Hoogfrequent gedeelte; verzorgt de carrier wave (draaggolf)
Laagfrequent gedeelte; verzorgt de geluidsgolven, hier zit de microfoon op aangesloten.
De frequentie-selectie geschiedt door middel van een trappenschakelaar in stappen van 8.33 kHz. Ook bevindt zich meestal een squelch knop op de radio. Dit is een ruisonderdrukkingssysteem. Enige ruis kan men altijd horen. Hieronder staat een COM/NAV set afgebeeld, te gebruiken voor zowel communicatie als navigatie. Dergelijke apparatuur heef één zender en twee ontvangers.
Vanaf 1 januari 2014 dient IFR verkeer in de Amsterdam FIR niet alleen boven, maar ook onder FL 195 verplicht een 8.33 KHz radio te hebben wanneer men vliegt in luchtruim klasse A, B of C. Deze verplichting gaat vanaf 31 december 2014 in Nederland net zo gelden voor alle VFR verkeer in luchtruim klassen A, B en C, dus ook in een Control Zone CTR zolang deze de klasse C of hoger heeft.
Antennes hebben als doel om elektromagnetische signalen te ontvangen of uit te zenden.
In een vliegtuig zitten meerdere soorten antennes (bijv. staaf en raamantenne) voor zowel de radiotelefonie als om luchtvaartbakens te ontvangen.
Een aantal redenen kan de oorzaak zijn dat de radioverbinding (volledig) wordt verbroken. Dit hoeft nog niet ‘radio failure’ te betekenen.
Deze redenen zijn o.a.:
vliegen beneden de radiohorizon;
uitvallen van de boordzender;
uitvallen van de boordontvanger.
Controleer bij het niet kunnen verkrijgen van een radioverbinding het volgende:
controleer of de juiste frequentie is ingesteld;
controleer of het opgeroepen station wel ‘actief’ is (een vliegveld kan gesloten zijn);
controleer of u binnen radiobereik bent;
controleer zowel de volume van de ontvanger alsook de stand van de squelch knop.

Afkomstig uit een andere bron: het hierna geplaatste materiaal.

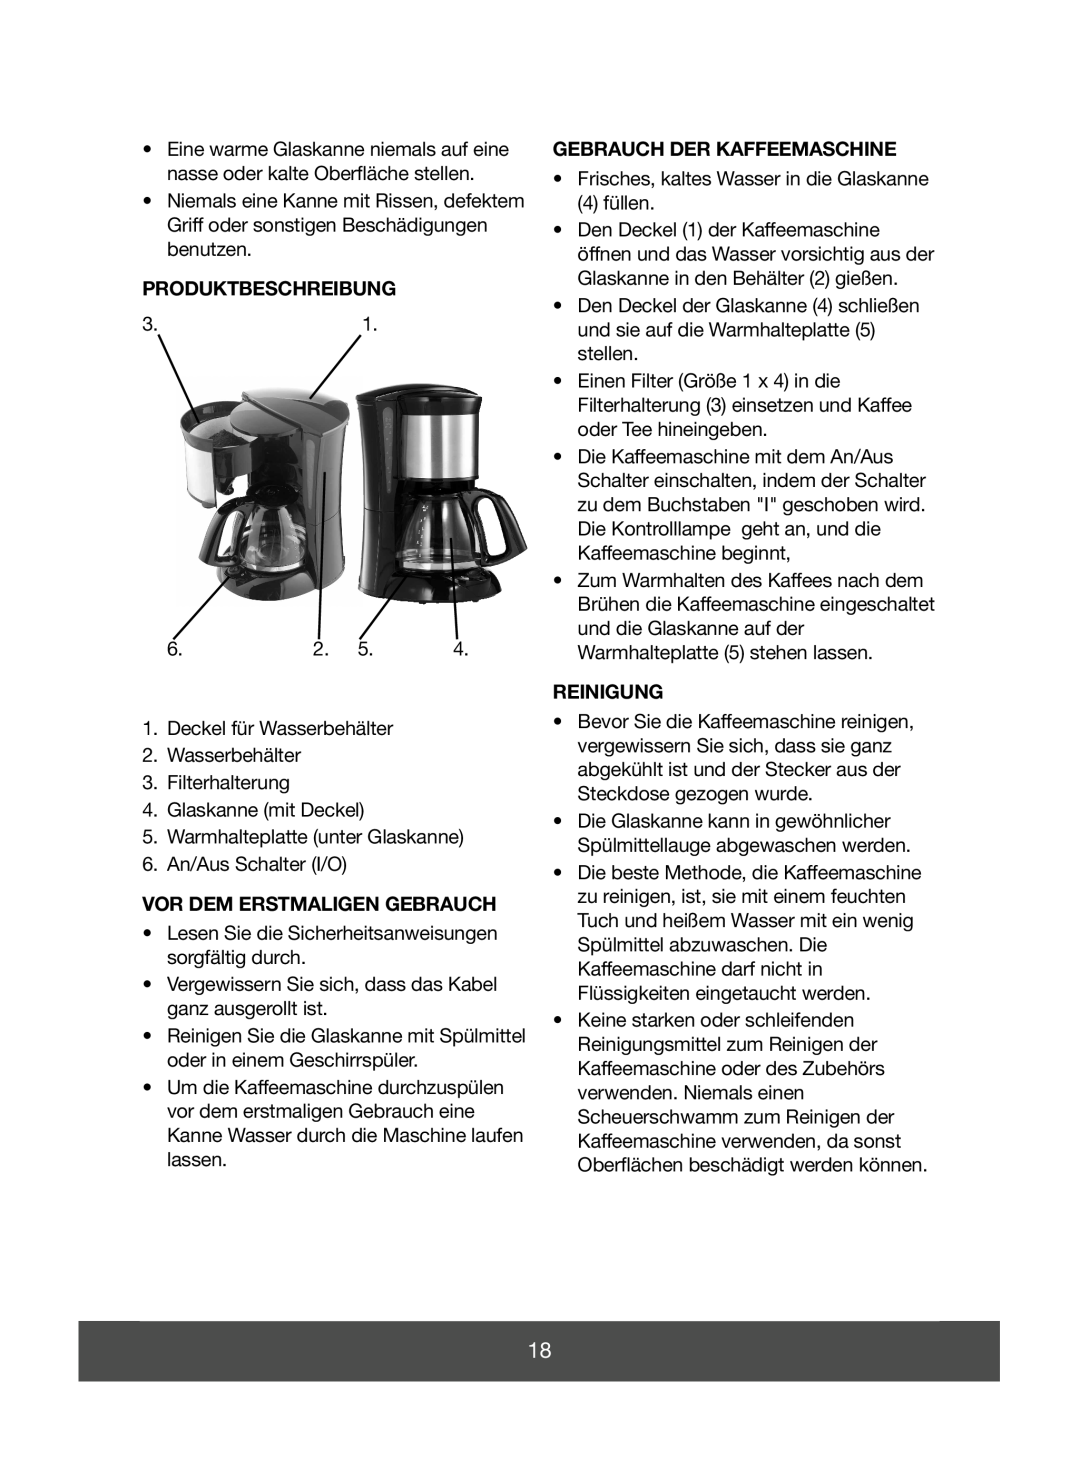 Melissa 645-085 manual Produktbeschreibung, Vor Dem Erstmaligen Gebrauch, Gebrauch Der Kaffeemaschine, Reinigung

Het kan voorkomen dat niet direct duidelijk is wat het probleem is. De volgorde van actie is dan:
Proberen contact te maken op een zgn. secundaire frequentie (zijn gepubliceerd). Indien dit niet lukt dan;
Proberen een relay message of air to air message te geven; Dit kan alleen als u andere vliegtuigen op de desbetreffende frequentie kunt horen (ontvanger is dan in orde);
Terug gaan naar vorig radiostation en de frequentie navragen;
Indien het voorgaande geen succes heeft opgeleverd, dient u uw bericht tweemaal uit te zenden op de eerder aangewezen frequentie, telkens voorafgegaan door de woorden "TRANSMITTING BLIND” en indien noodzakelijk ook de vermelding van de roepnaam van de geadresseerde (meestal roepnaam van het grondstation).
Indien door u geconstateerd is, dat uw ontvanger niet werkt (zie noot), geldt het gestelde op de volgende pagina onder TRANSMITTING BLIND DUE TO RECEIVER FAILURE.

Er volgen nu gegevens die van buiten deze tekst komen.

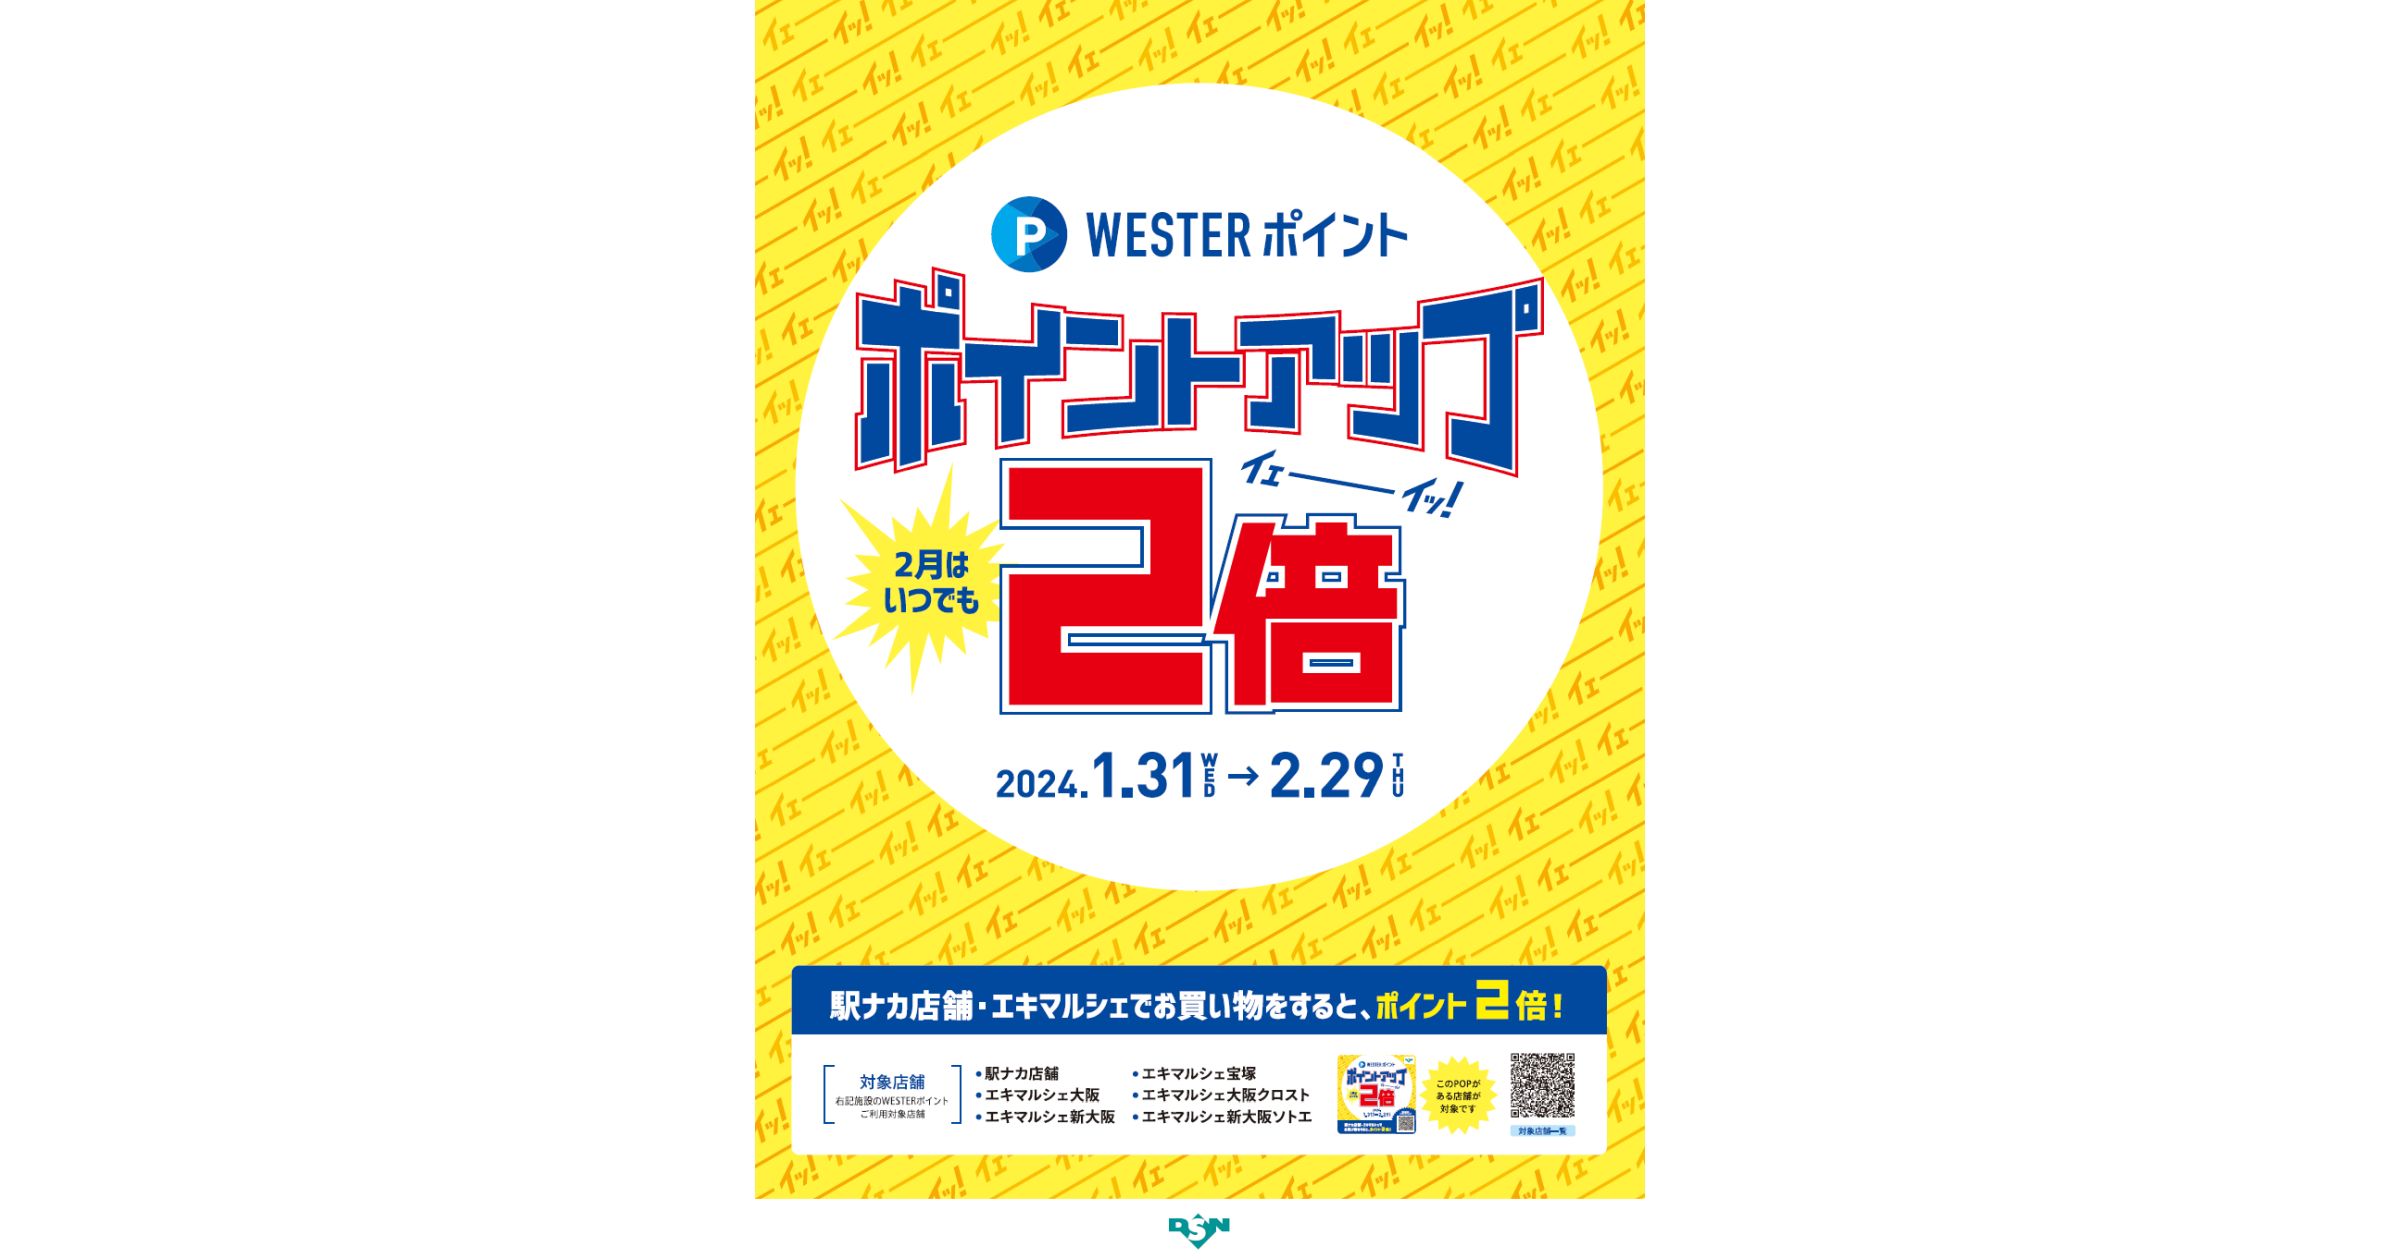 エキマルシェ・JR西日本エキナカ店舗でWESTERポイント2倍キャンペーン実施

Noot: Indien er ruis gehoord wordt door de koptelefoon, kan worden gesteld dat de ontvanger in orde is.
Primary frequency. Dit is de radiotelefonie frequentie die als eerste keus is opgedragen aan een vliegtuig voor air-ground communicatie in een radiotelefonie netwerk.
Secondary frequency. Idem als Primary frequency maar dan als tweede keus t.b.v. air-ground communicatie.
Om het probleem van het vliegen beneden de radiohorizon te verkleinen, is er in Nederland een aantal steunzenders en ontvangers geplaatst. Blijft verbinding onmogelijk, dan moet de navolgende ICAO (International Civil Aviation Organisation) procedure worden gevolgd: (Meestal zijn deze procedures aangevuld met nationale regelgeving.)
In VMC:
Vervolg de vlucht in Visual Meteorological Conditions (VMC);
Land op het dichtstbijzijnde geschikte vliegveld. Indien er deel wordt uitgemaakt van het verkeer in een circuit van een gecontroleerd veld dient gelet te worden op gegeven visuele signalen;
Zet uw transponder op code 7600 (zie noot hieronder);
Meldt uw aankomst bij een daarvoor in aanmerking komende verkeers-leidingsunit.
Noot: Bij radiofailure zal de transponder code (squawk) 7600 ingesteld moeten worden. Kennis over de werking van de transponder valt buiten de scope van dit leervak, maar d.m.v. dit apparaat in het vliegtuig kan de verkeersleiding een codesignaal ontvangen. Onder normale omstandigheden krijgt de vlieger van de verkeersleiding een eigen code opge-dragen. Een aantal codes hebben echter een specifieke betekenis, hiervan heeft code 7500 de betekenis ‘kaping’, 7600 de betekenis ‘radio failure’ en 7700 geeft “emergency” aan. Een specifieke code voor VFR verkeer is code 7000.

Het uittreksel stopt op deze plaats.